La cause? La dégradation extrême de l’endroit, qui supporte mal le flux régulier de touristes venus barrer une ligne de plus sur leur bucket list. Déchets à outrance, va-et-vient incessant des bateaux, plage noire de monde … on est bien loin de l’image idyllique dépeinte par le film.

Une situation critique malheureusement familière: Venise, le Machu Picchu, les Cinque Terre, Angkor Vat, Petra … la liste des sites mis en péril par le tourisme de masse s’allonge de jour en jour.

Villes saturées

Les remparts de Dubrovnik au mois d’août

1,3 milliard de touristes en 2017, soit 7% de plus qu’en 2016. L’exemple de l’Islande est frappant: en 2017, plus de 2,2 millions de touristes ont visité l’île, pour une population de 330 000 habitants. Avec de tels chiffres, pas étonnant que les sites saturent.

Fini, l’improvisation: désormais, il faut réserver des mois à l’avance dans l’espoir d’obtenir un logement à un prix décent ou une table dans un bon restaurant. Le mois de septembre, autrefois réservé aux couples sans enfant et célibataires à la recherche de calme, fait désormais partie de la haute saison. Sur certains sites, il n’y a tout simplement plus de basse saison.

La solution prônée par l’UNESCO pour protéger les sites classés est d’imposer des quotas de visiteurs journaliers. Alors, pourquoi la situation n’évolue pas? Tout simplement parce que de telles mesures auraient un impact financier négatif indéniable sur ces sites qui tirent le PIB de leur pays vers le haut.

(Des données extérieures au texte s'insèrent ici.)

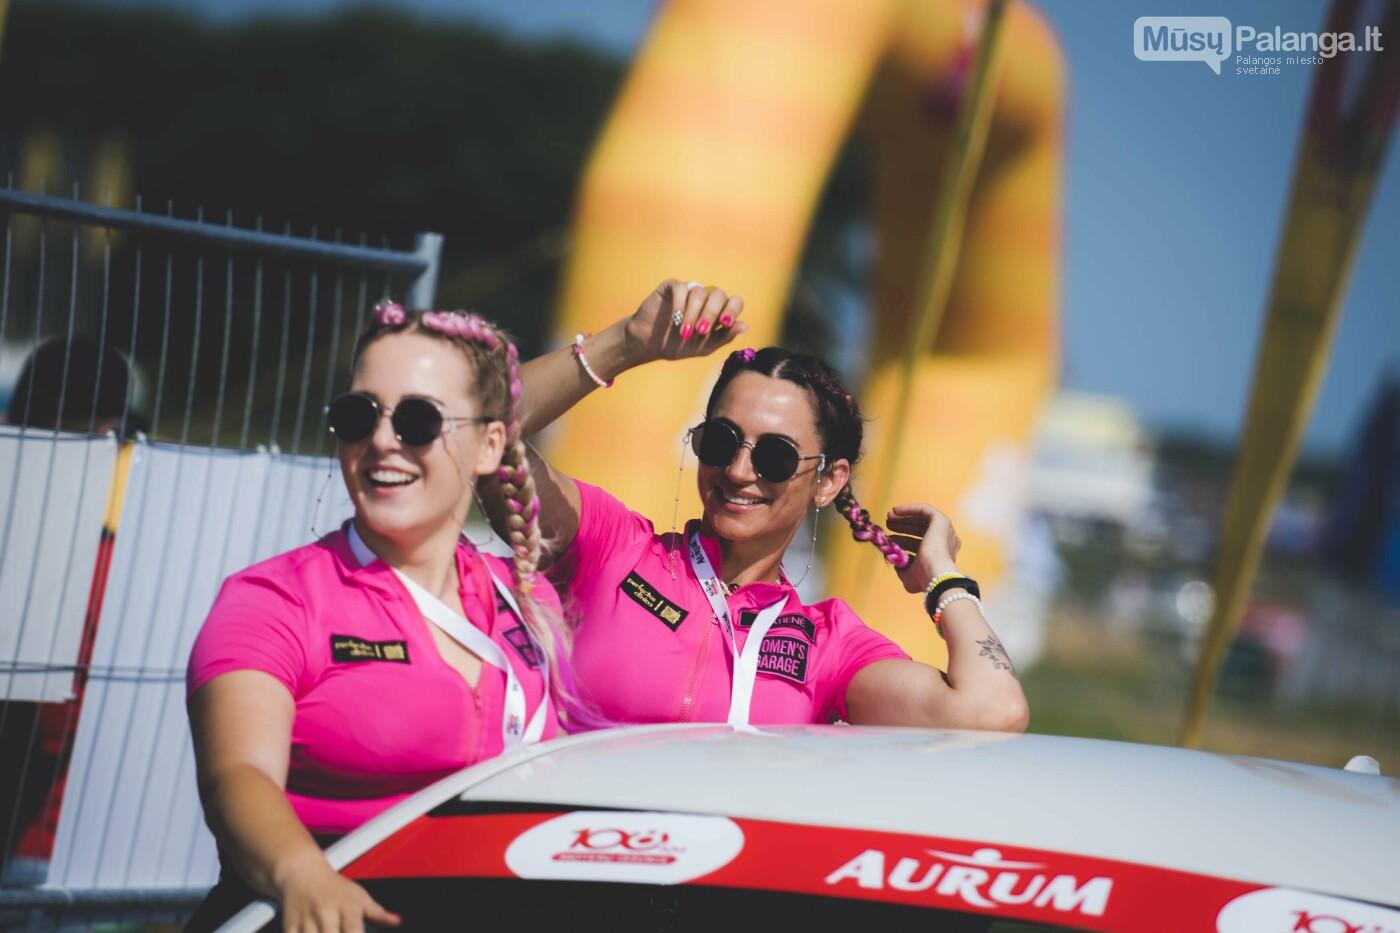 Žiūrovus žavėjo kilometrinė moterų iššūkio dalyvių kolona, nuotrauka-17, Vytauto PILKAUSKO ir Arno STRUMILOS nuotraukos

Lors de notre voyage au Machu Picchu en 2015, nous avons compris que le gouvernement péruvien ne se résoudrait jamais à étouffer une telle poule aux œufs d’or. L’avenir nous a donné raison: au lieu de limiter drastiquement l’accès au site comme préconisé par l’UNESCO, ils l’ont pratiquement doublé (3800 places officielles avant le 1er juillet 2017, contre 5940 à partir du 1er juillet 2017), imposent un guide officiel qui prendra en charge un maximum de 16 personnes, et empêchent les gens de retourner sur le site. Sous couvert de protection du patrimoine, ils ont simplement mis au point une méthode leur permettant d’engranger plus d’argent.

Toutes ces solutions temporaires ne font que retarder l’échéance; seule l’imposition de quotas de visiteurs pourra amener une bouffée d’air frais dans ces espaces devenus invivables.

 

Sites menacés

Le paquebot MSC Divina vu dans le lagon de la baie de Venise (juin 2012). Source REUTERS/Stefano Rellandini

Venise, qui doit déjà lutter contre la montée des eaux naturelle, doit également lutter contre celle provoquée par les nombreux paquebots qui s’arrêtent dans la baie (500 par an) et contre la pollution que ces monstres des mers provoque. Suite au ras-le-bol des habitants et aux menaces de l’UNESCO de classer la ville sur la liste des sites du patrimoine mondial en péril, le gouvernement a élaboré un plan interdisant l’accès à la place Saint-Marc aux paquebots; ces derniers doivent désormais lever l’ancre de l’autre côté de la lagune, et devront d’ici 2019 emprunter la voie sud, actuellement utilisée par les porte-conteneurs et les pétroliers.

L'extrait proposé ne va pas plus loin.